Advanced SIMD Instructions
SIMD (Single Instruction Multiple Data) instructions allow parallel operation on multiple data elements packed into registers. The M4 includes optional Advanced SIMD support with 32x 128-bit registers and NEON opcodes like:
- VADD/VMUL – Add/Multiply Packed Integers
- VPADD – Pairwise add
- VLDM/VSTM – Load/Store Multiple VFP Registers
- VMOV – Move between Scalar and SIMD/VFP
This allows significant acceleration for multimedia and signal processing workloads on Cortex-M4 designs with Advanced SIMD.

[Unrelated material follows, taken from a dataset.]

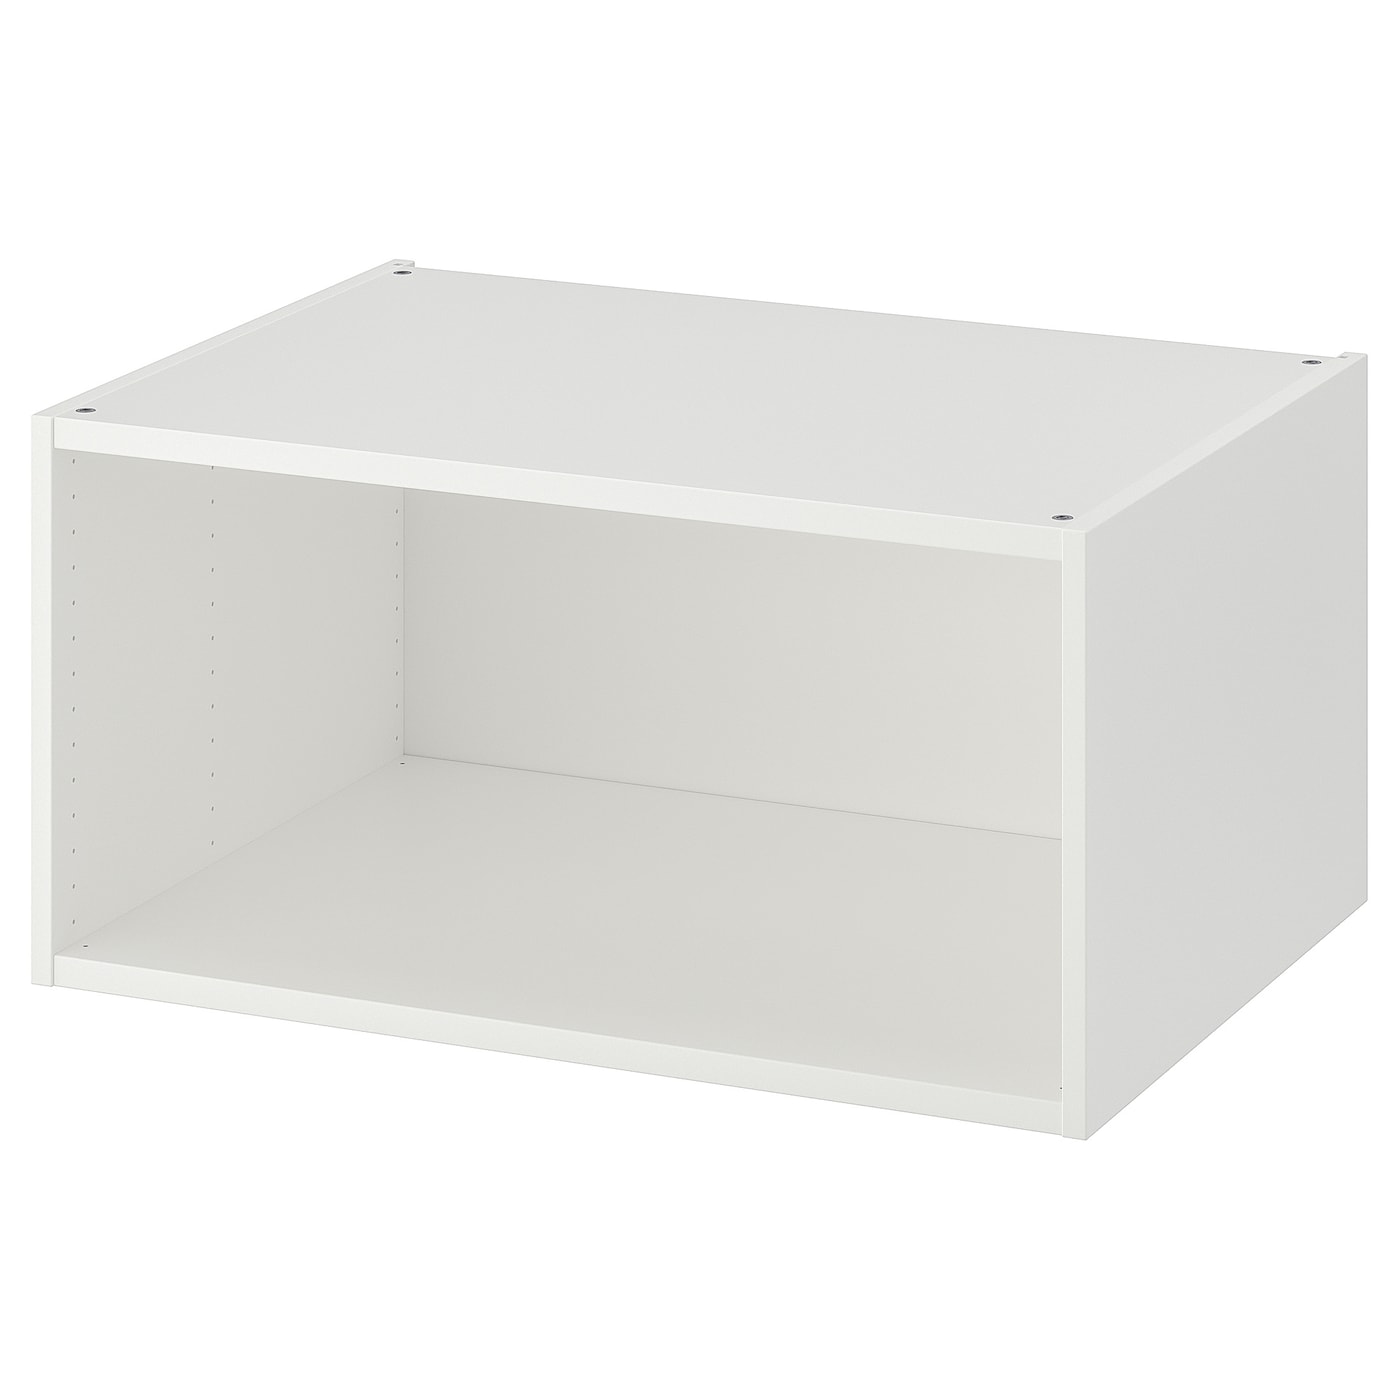 Каркас гардероба - PLATSA IKEA/ПЛАТСА ИКЕА, 40х55х80 см, белый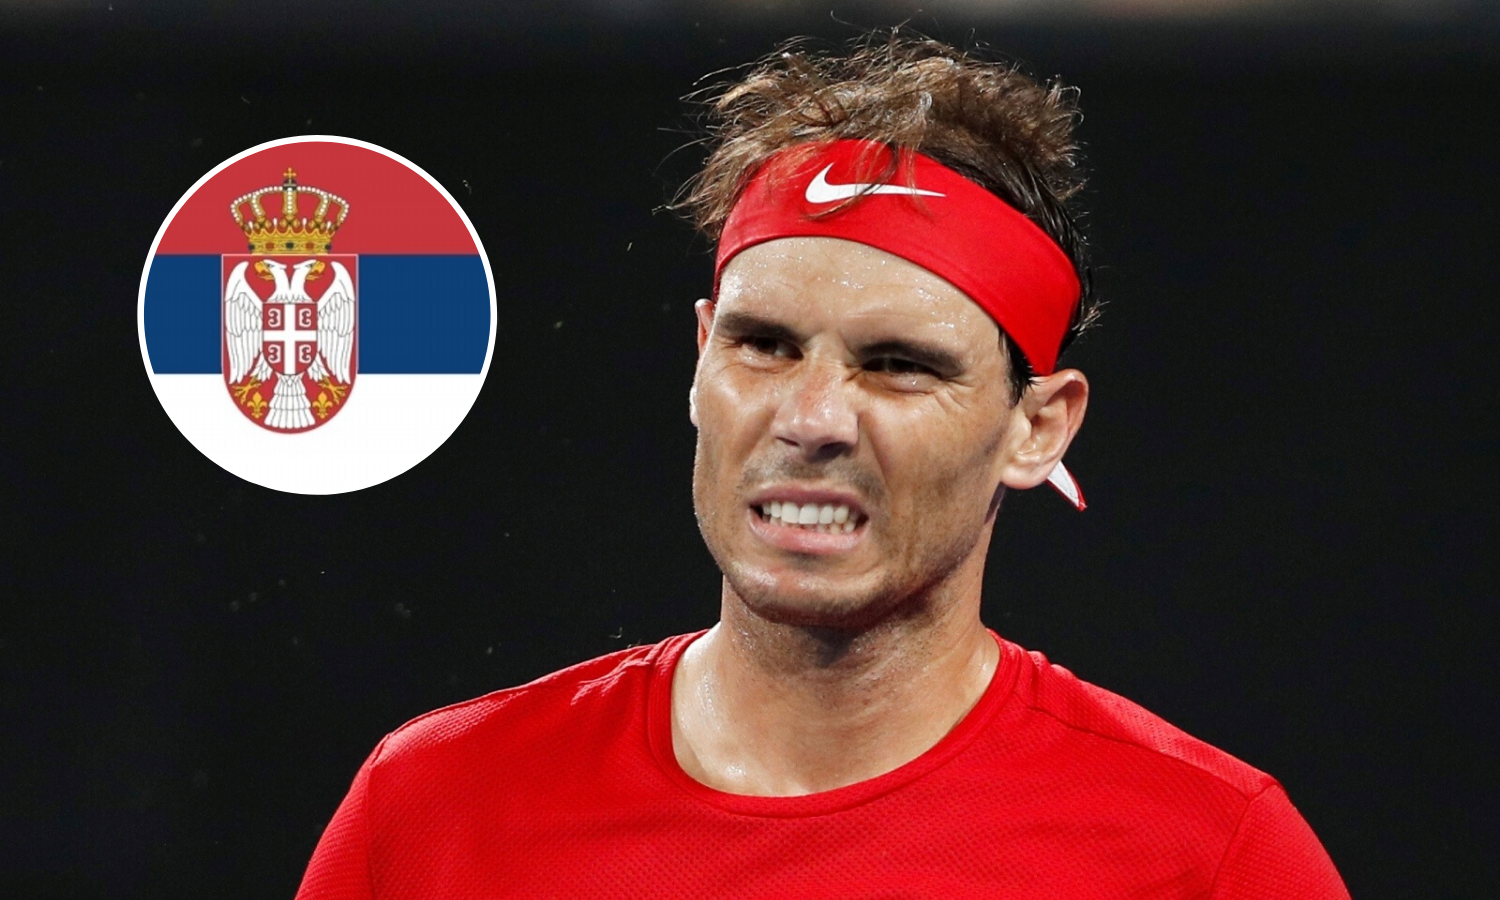 'Srpski navijači su fanatici pod supstancama! Zar je to tenis?'

Supervisor Call and Coprocessor Instructions
The M4 provides supervisor call (SVC) and coprocessor (CDP) instructions to extend functionality:
- SVC – Generate a supervisor call exception
- CDP – Coprocessor operations
SVCs allow switching from thread mode to handler mode for privilege checking. CDP provides extensibility to connect customized coprocessors.
Coding for the Cortex-M4
Now that we have seen the key Thumb-2 opcodes, here are some tips for coding effective Cortex-M4 assembly and C programs:
- Use 16-bit Thumb instructions whenever possible for best code density
- Utilize 32-bit instructions for complex operations like multiply or SIMD
- Take advantage of conditional execution for faster branching
- Use exclusive and atomic instructions for safe shared memory access
- Enable Advanced SIMD for parallel processing of multimedia data
- Inline assembly or intrinsic functions can optimize key functions
Profiling tools can identify hotspots to focus optimization work. By applying these techniques, developers can fully harness the performance and functionality of the Cortex-M4 CPU.
Conclusion
The ARM Thumb-2 instruction set provides a versatile combination of 16-bit and 32-bit opcodes to balance code density and performance. Core data processing, branch and control flow, load/store, floating point, SIMD and other instructions enable the Cortex-M4 to deliver exceptional capabilities for embedded applications.
We have explored the key opcodes and features of the Thumb-2 ISA. With this understanding of the instruction set, developers can write optimized Cortex-M4 code to take full advantage of the processor capabilities.